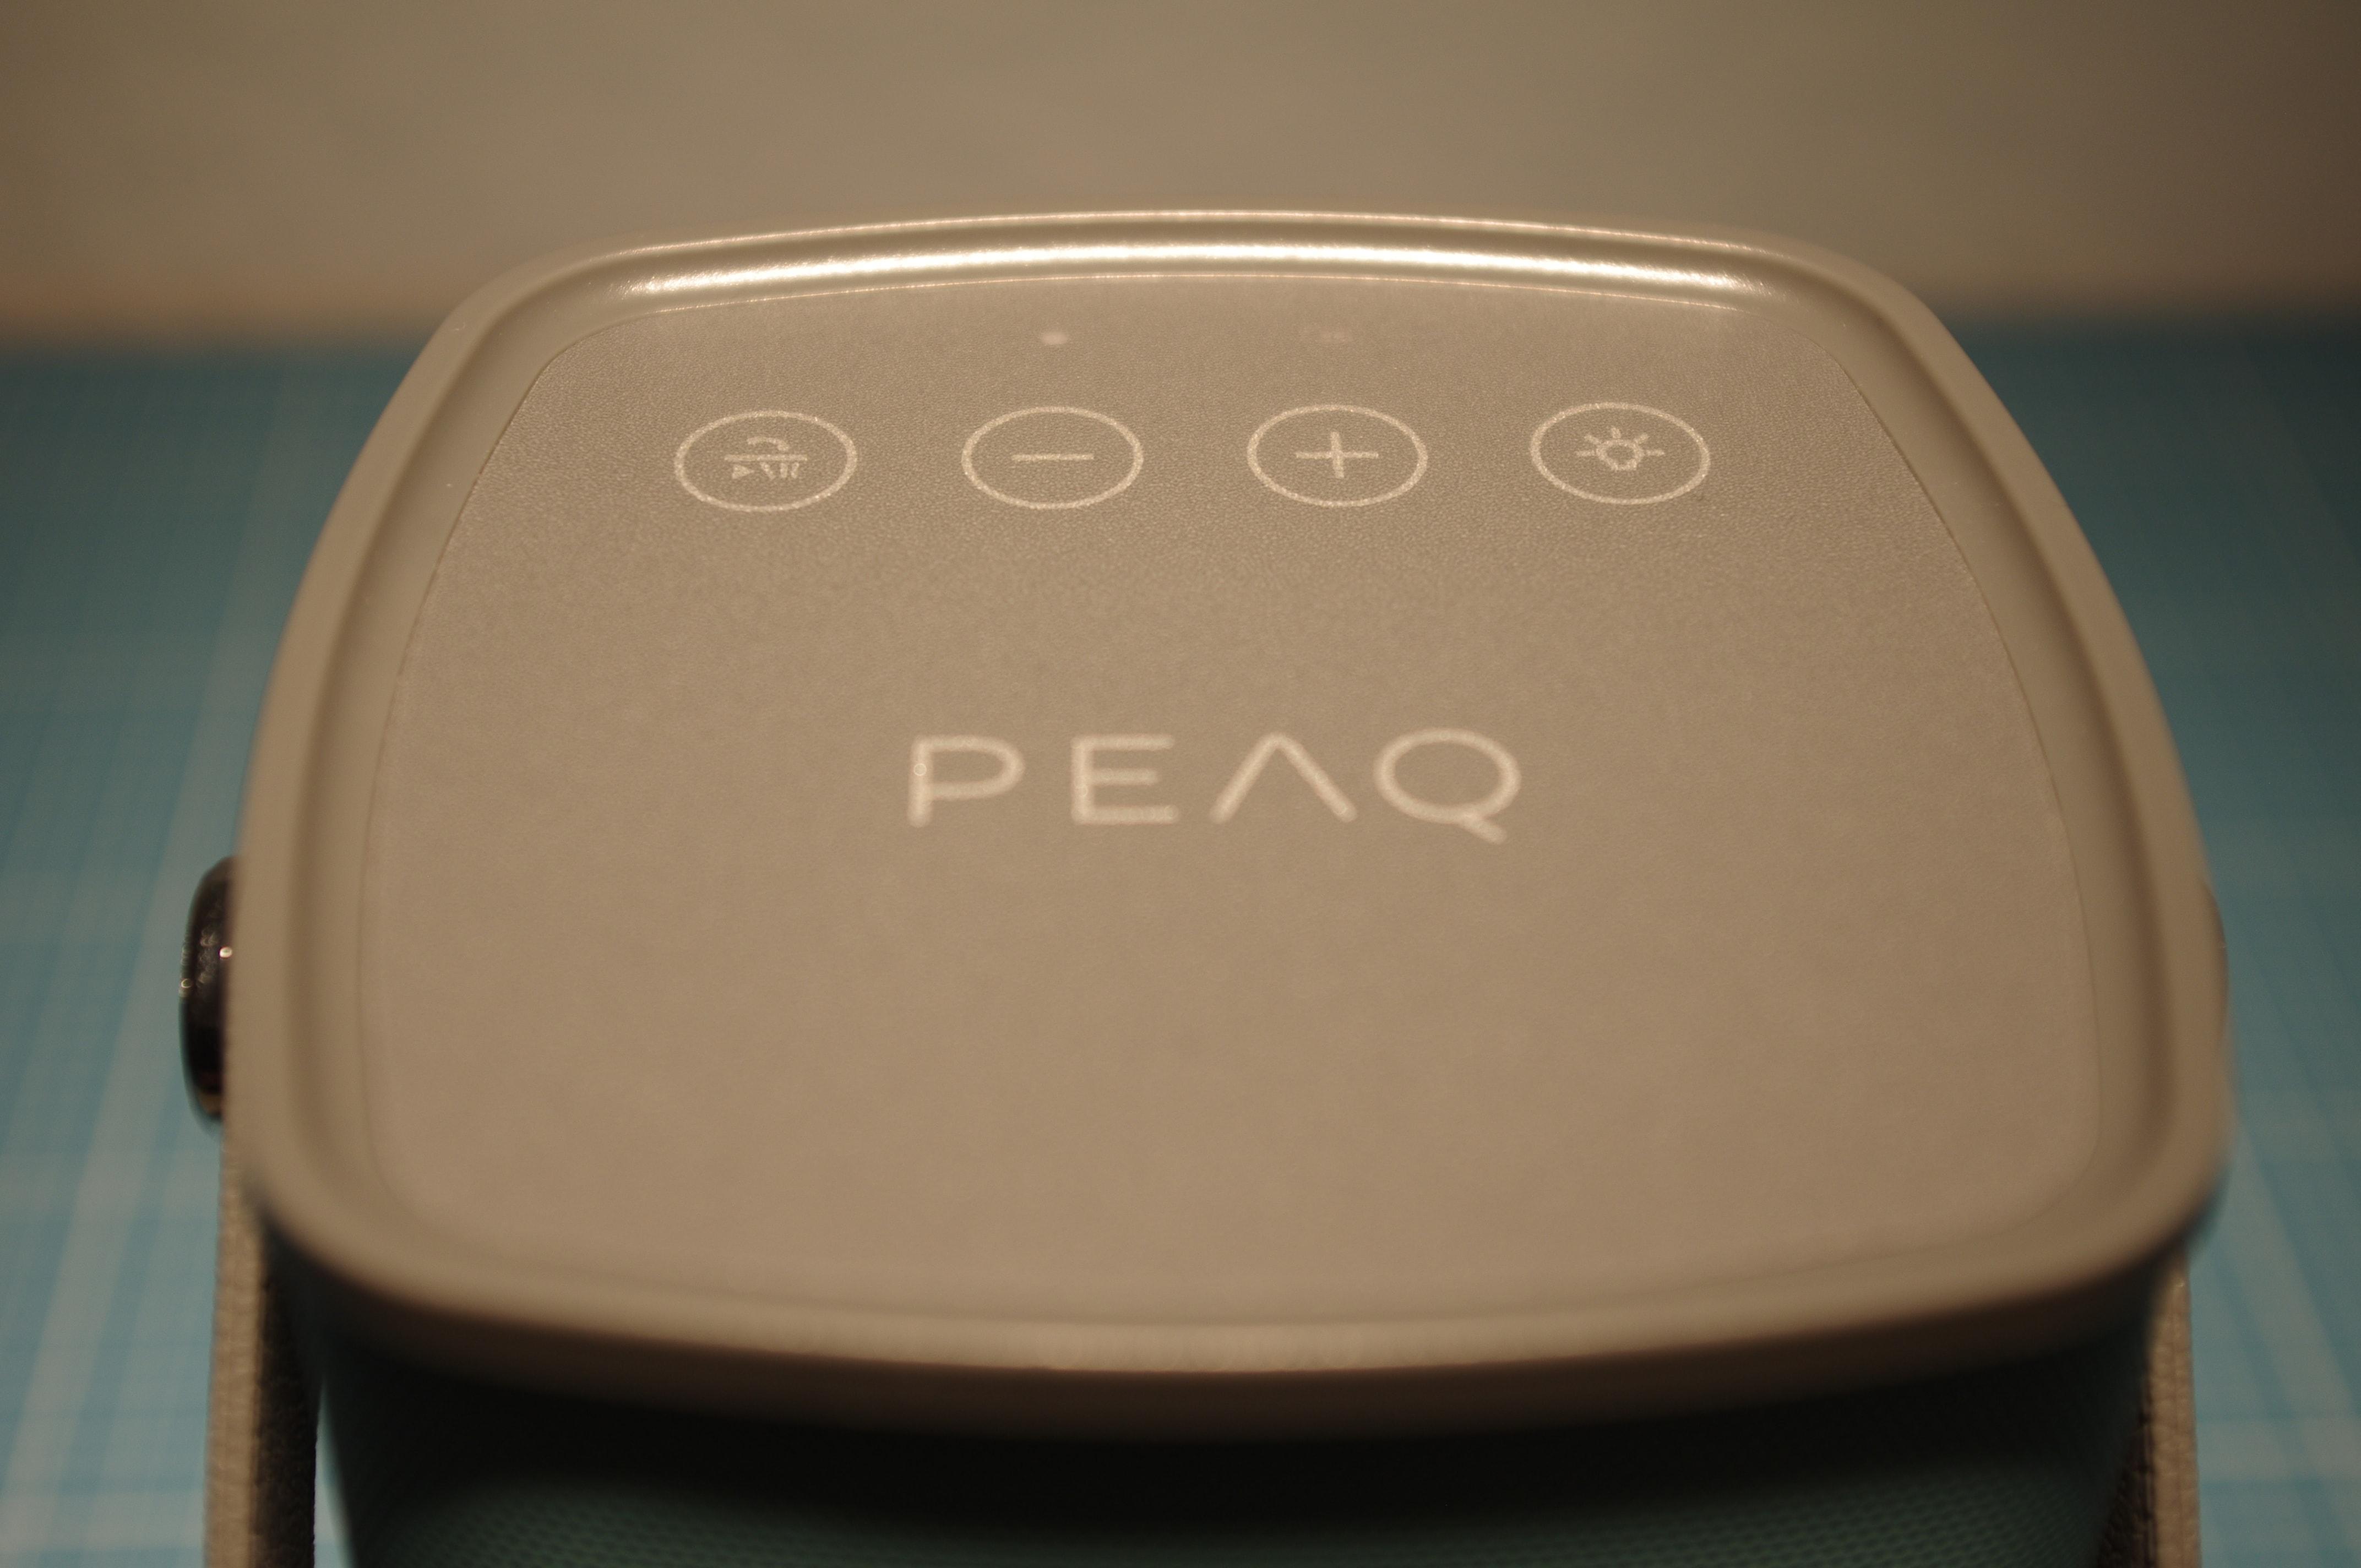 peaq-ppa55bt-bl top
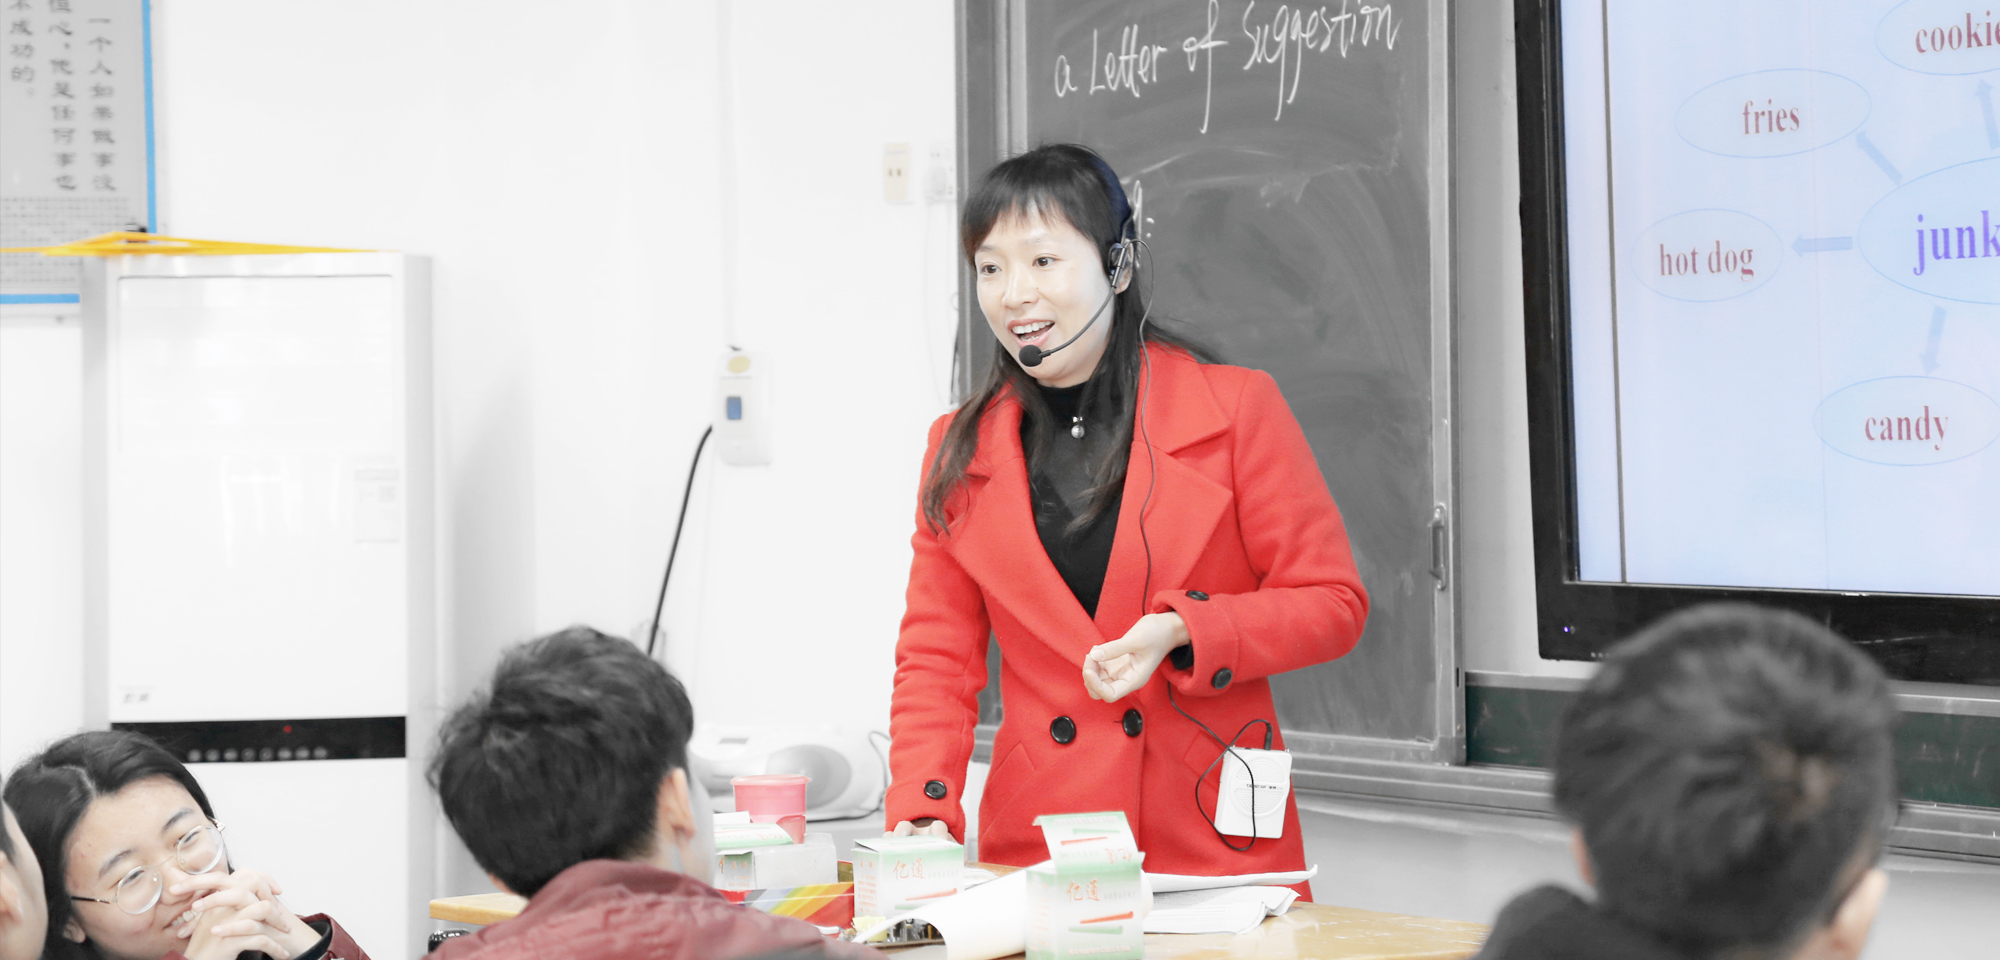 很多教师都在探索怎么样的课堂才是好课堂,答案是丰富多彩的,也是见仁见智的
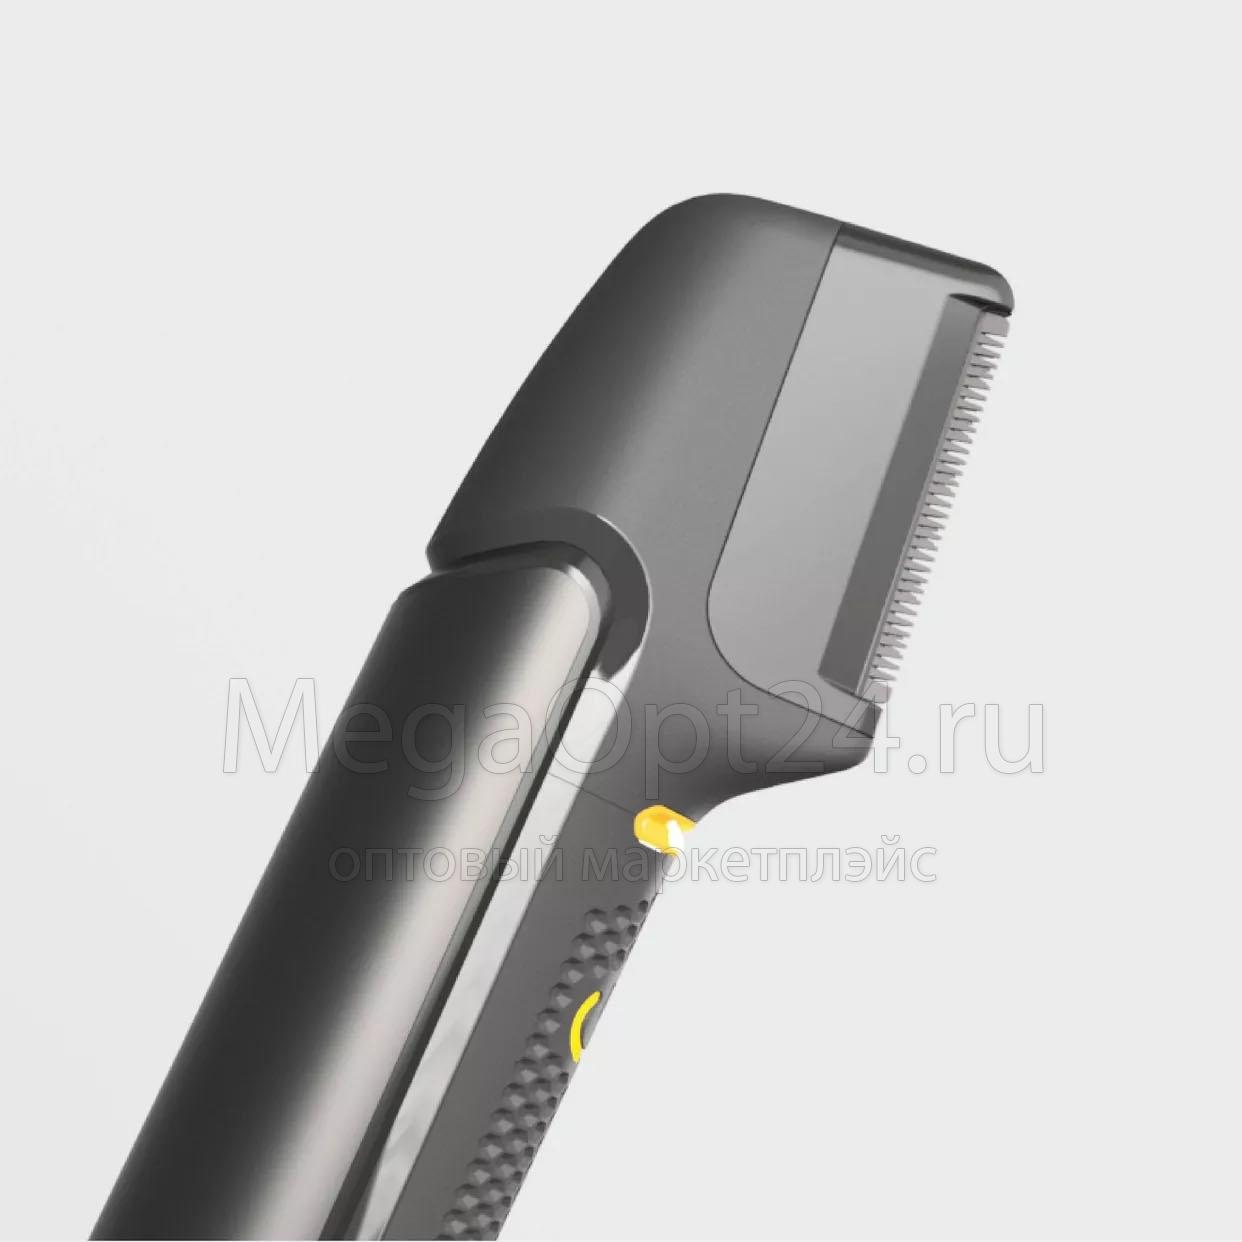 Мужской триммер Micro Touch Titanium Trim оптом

◇ ◇ ◇ ◇ ◇ ◇ ◇

§ **What you need to do**
Copy out the lines exactly as written, beginning with the one that contains "很多教师都在探索怎么样的课堂才是好课堂,答案是丰富多彩的,也是见仁见智的" and ending with the last line of the material; do not include pictures.

§ **Answer below**
 很多教师都在探索怎么样的课堂才是好课堂,答案是丰富多彩的,也是见仁见智的
 Мужской триммер Micro Touch Titanium Trim оптом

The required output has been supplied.